As a coach and change agent really interested in what works in changing behaviour.  Habits as Charles Duhigg evidences are one really important way of thinking about this, “the more you focus the more that focus becomes a habit”.  And in ‘Happiness by Design’ Paul Dolan relates this idea to achieving the balance between pleasure and purpose that brings happiness, “attention acts as a production process that converts stimuli into happiness.”

So, I decided to not do as I was told (yes, by myself), stuff the blog posting and go to a field for the weekend – to be present, flexible and potentially spontaneous (not one of my strong habits 😉 ).  Because that is one of the fundamental problems of rules, they stop you being present and enjoying the experience and opportunities of now.  That is where they are fundamentally different from habits; a habit is resilient enough to recover from not being performed on occasion or even for a limited period of time.  Yet when trying to adopt a new habit making ‘rules’ is an essential part of getting to where you want to be because you are acting consciously.  Rules are the shorthand of designing in the environment, process and timings of the necessary activities you want to undertake.

All this made me think about the key things to remember when trying to adopt a habit, to differentiate it from a new set of rules and make sure that the rules are just a temporary means to an end, a framework for getting where you want to be:

  1. Have a purpose – i.e. a thing that you want that you are motivated about – its unlikely the habit itself is the end-game.  I.e.
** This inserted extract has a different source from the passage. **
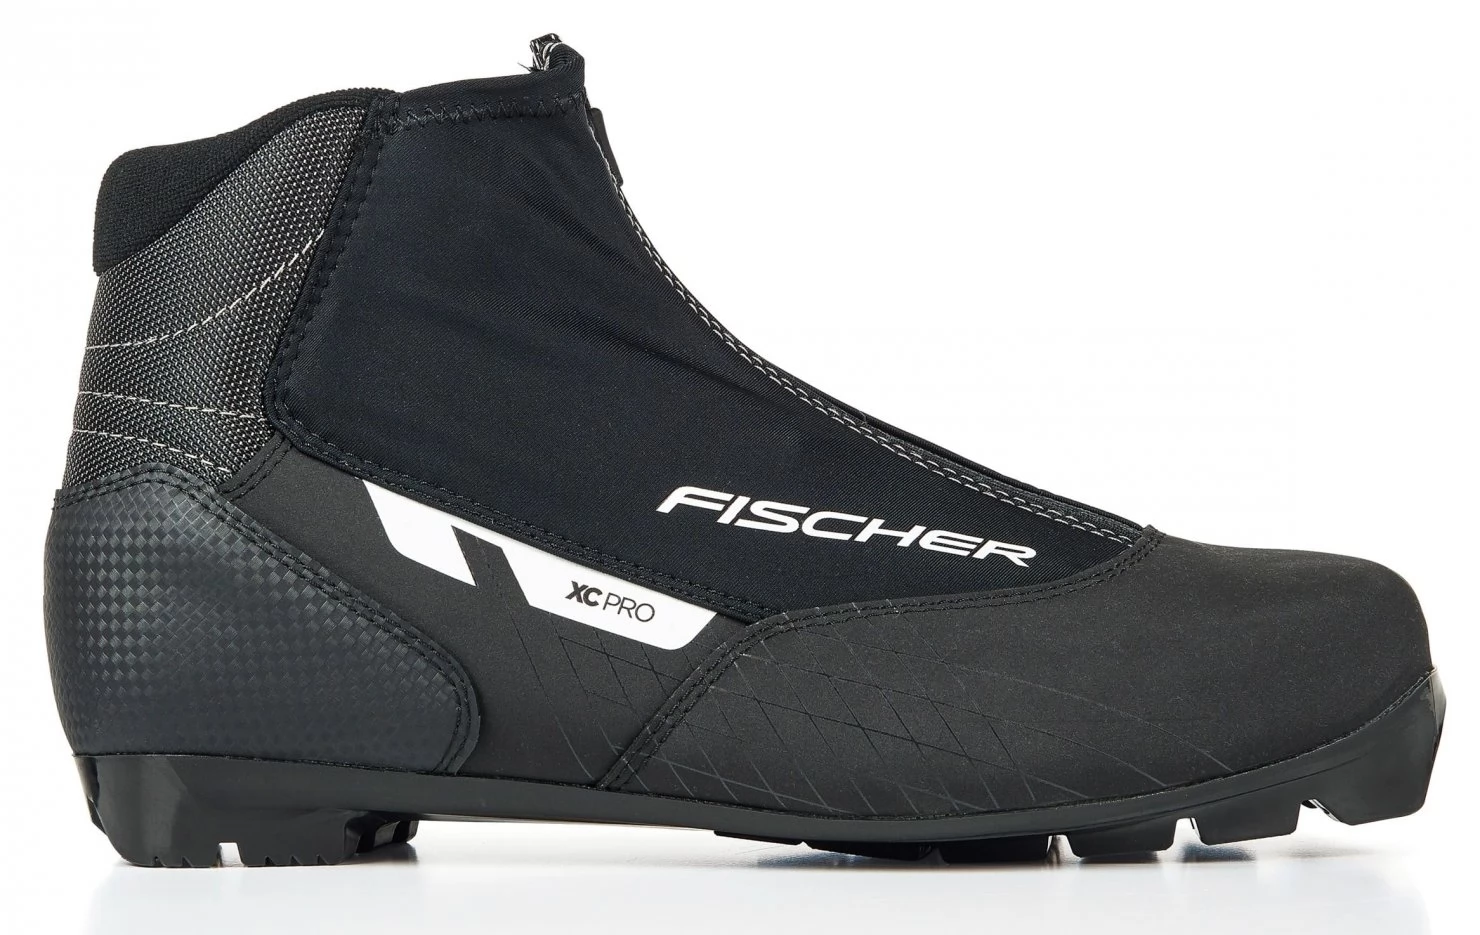 Bežecká obuv Fischer XC Pro Black/white

I am working on weight training three times a week so I can be a better sailor, not because I want to lift weights 3 times a week.  I may by the time I have the habit have changed my mind about the necessity and joy of lifting weights but it’s not currently my goal.
  2. Experiment – habit-forming as Duhigg says is an individual process, try a thing, if it doesn’t feel right or get done then try something else, keep the things you are using to form the habit under review.  I’ve just realised I have spent years trying and failing to floss at night because my hygienist says that’s when I should, but I’m going to try the morning because I think that might work, and could be a stepping stone.
  3. Wear lightly – if you don’t do the thing don’t beat yourself up, think about it and try and learn something but move on to try another day or time, maybe go back to 2 and change something.
  4. Reward and celebrate – acknowledge what you have managed to achieve and the effort and skill that went into making that happen.  It will give you a platform to help with future habits.  When I wrote my mental list of current self-improvement projects I noted there were at least 3 things that I thought would be on there but actually I now considered them to be habits, but I had not previously acknowledged that I had made that happen.

So, in this spirit I am calling an end to my 30-day challenge.  I have learnt a lot of other stuff already with my 9 posts, which I will reflect on elsewhere but on review it’s not the right rule at the right time for me.  By focusing on solely my economics learning goal I have over-complicated the rules.  I am now aiming to post 3 times a week, and if I make 4 I will be especially pleased for myself.  Through to the end of September.  And I will post about a wider range of things I am learning about and thinking about.  Some posts will be short and shipped quickly but at least 1 a week I will sit down for an hour and focus on thinking through what I want to say – because I don’t think just short shipping is helping with the quality of what I want to say.